Questo contenuto è stato pubblicato il 21 dicembre 2009 - 13:46
(Keystone-ATS)

NEW DELHI - Il giovane pakistano Ajmal Kasab, unico membro del gruppo terroristico che il 26 novembre 2008 sbarcò a Mumbai sparando all'impazzata e causando in tre giorni oltre 170 morti, ha negato oggi in tribunale di essere mai stato presente sul luogo dell'attacco e di non avere assolutamente ucciso tre ufficiali di polizia come sostiene l'accusa.
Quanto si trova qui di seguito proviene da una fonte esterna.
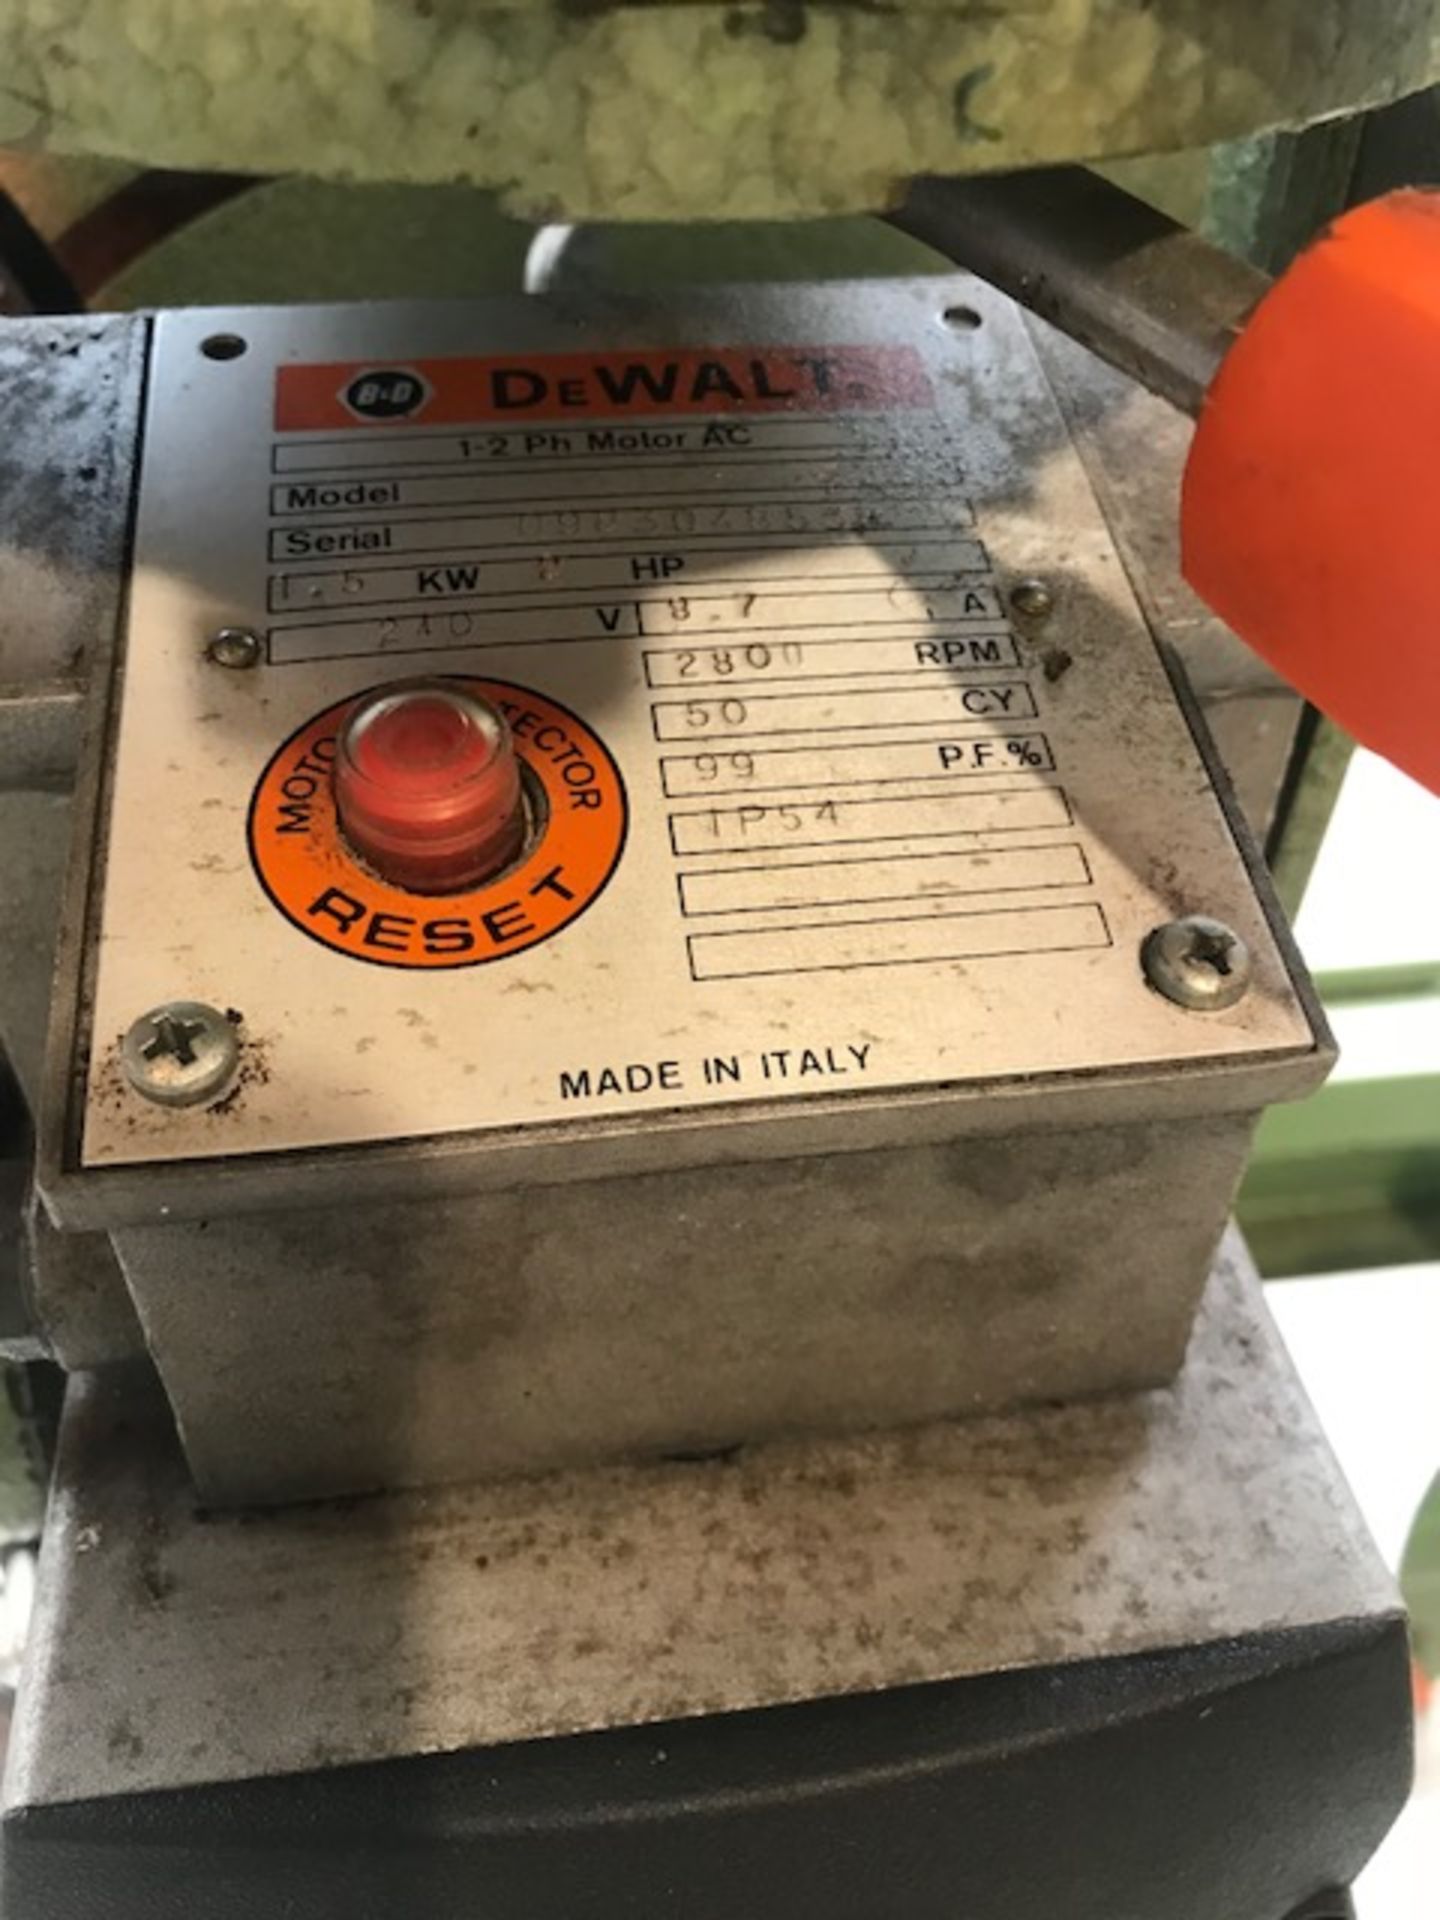 DeWalt 1370 Radial Arm Saw, 240V - Bild 2 aus 3

Lo riferisce l'agenzia di stampa indiana Pti.
Rispondendo a una domanda del giudice che lo processa da otto mesi a Mumbai, Kasab ha detto: "Non c'é ragione di chiedermi se io ho ucciso i tre perché in realtà non sono mai stato là".
L'imputato ha negato anche di essere mai stato nella stazione di Mumbai, nell'ospedale Cama, a Girgaum Chowpati, dove fu arrestato dalla polizia, e ha detto di non aver mai sequestrato una auto mentre era in fuga perché, ha assicurato, "ero già nelle mani della polizia da tre giorni quando l'attacco terroristico è avvenuto".
Solo dopo, ha aggiunto, "sono stato portato sul luogo con un veicolo della polizia che aveva bisogno di un imputato" somigliante a uno dei terroristi uccisi in azione, Abu Alì.
A una domanda riguardante la ferita d'arma da fuoco procuratasi al braccio quel giorno, Kasab ha risposto che "é stata la polizia che me l'ha fatta". Infine il giovane ha sostenuto che l'obiettivo che l'aveva portato a Mumbai dal Pakistan era "l'ambizione di poter lavorare nel cinema di Bollywood" insieme ad amici che già erano là.